Wednesday, March 24, 2010

Pain: a subjective experience.

I consider myself to be a compassionate, empathetic person.  I loathe seeing other people in pain, and do what I can to make it better.  This is why I became a nurse.  And I truly believe that pain is a subjective experience, and that it's an important goal in healthcare to assess and treat pain based on the patient's description of it.

However, I'm also a firm believer in the principle of personal responsibility.  And when 30 year old Man-Baby, "a frequent flyer" in our hospital, comes in YET AGAIN with diabetic ketoacidosis and hypertension because he failed to comply with the medication regimen prescribed to him, I can't help but roll my eyes a bit when I see his name on my assignment in the morning.  And when Man-Baby's mother comes in and offers to spread mayo on his sandwich for him, I roll my eyes again and sigh. 

When Man-Baby flirts with me, tells me that I "smell good", laughs and jokes and chitchats on his cell phone........ and then fives minutes later grabs the nursing aide and tells her his pain is 6 out of 10... and when I go back into the room to investigate, demands his Dilaudid... I have a hard time believing it.  I have a nagging suspicion that he simply enjoys passing his time in the hospital in an opioid-induced stupor.  I have to give him the medication anyway, so long as it is prescribed.  He falls asleep soon after.  He is pleased to be sedated and numbed and relieved of responsibility for his own poorly managed health and life. 

Down the hall is a 70-year-old woman with ovarian cancer, mets to the lungs and liver, who has just today decided to pursue hospice care.  She is in pain from the cancer, and receiving morphine.  She lets me know when the pain is creeping up again, and we keep it under control as best we can without oversedating her.  She welcomes our suggestions for non-pharmacological pain management techniques.  She smiles through the pain, and talks to me about passing on her "famous" lasagne recipe to her granddaughter.  This woman is experiencing physical and emotional pain like Man-Baby cannot imagine, and is doing so with such grace and dignity and gratitude that it puts us both to shame. 

I really don't want anyone to have to be in such pain... but sometimes, on days like today, I wish that people like Man-Baby could have a little taste of it.  Just enough to give him some perspective.  It's not just about the physical pain... but to feel yourself at the end of your life.  No more time.  If he could feel what that is like... maybe it would scare him enough to start taking care of himself.  Or perhaps it would encourage him to quit doping up on pain meds, and to actually get his young and relatively healthy butt out of bed to go to the bathroom instead of using the urinal... to become an active participant in his care.

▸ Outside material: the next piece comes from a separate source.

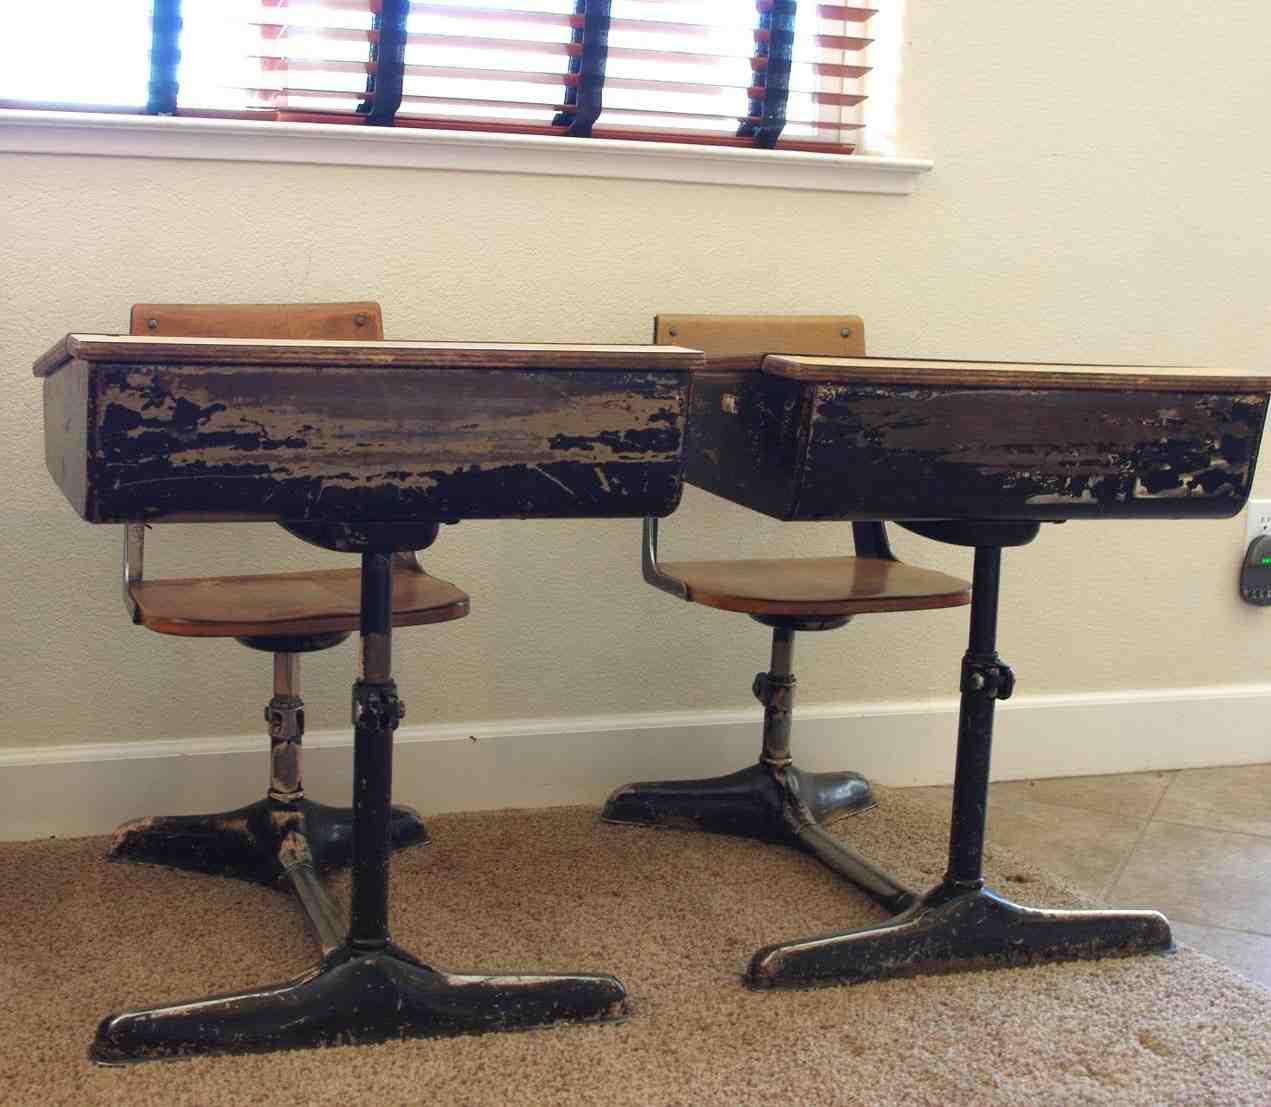 Old Fashioned Furniture For Sale: Old Fashioned School Desks For Sale
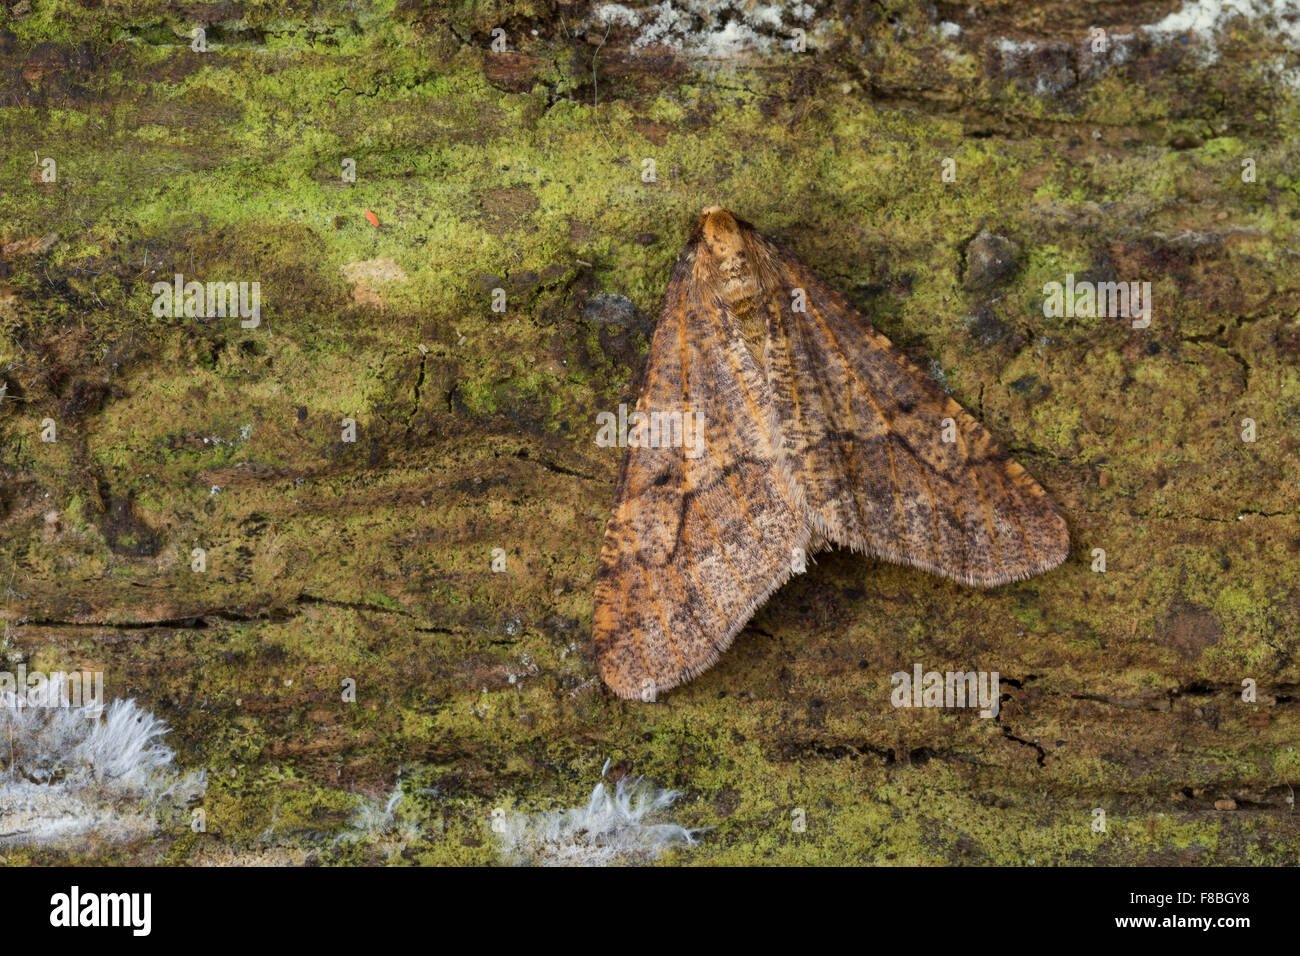 Mottled Umber, male, Großer Frostspanner, Männchen, Erannis defoliaria, Phalaena defoliaria, Hybernia - Stock Image

When I see a young life wasting away like that due to negligence and apathy... it really does hurt. 

2 comments:

WWWebb said...

M.

This is one of the best things I've seen you write to date. It compares well to the writing of some of the best like StorytellERdoc or Dr. Charles.

You might just become a first-rate medblogger.

S said...

I agree, you write very well. Sad that there are such as "Man-baby" in the world, and Man baby's mama is not helping things.. Spreading his mayo? really?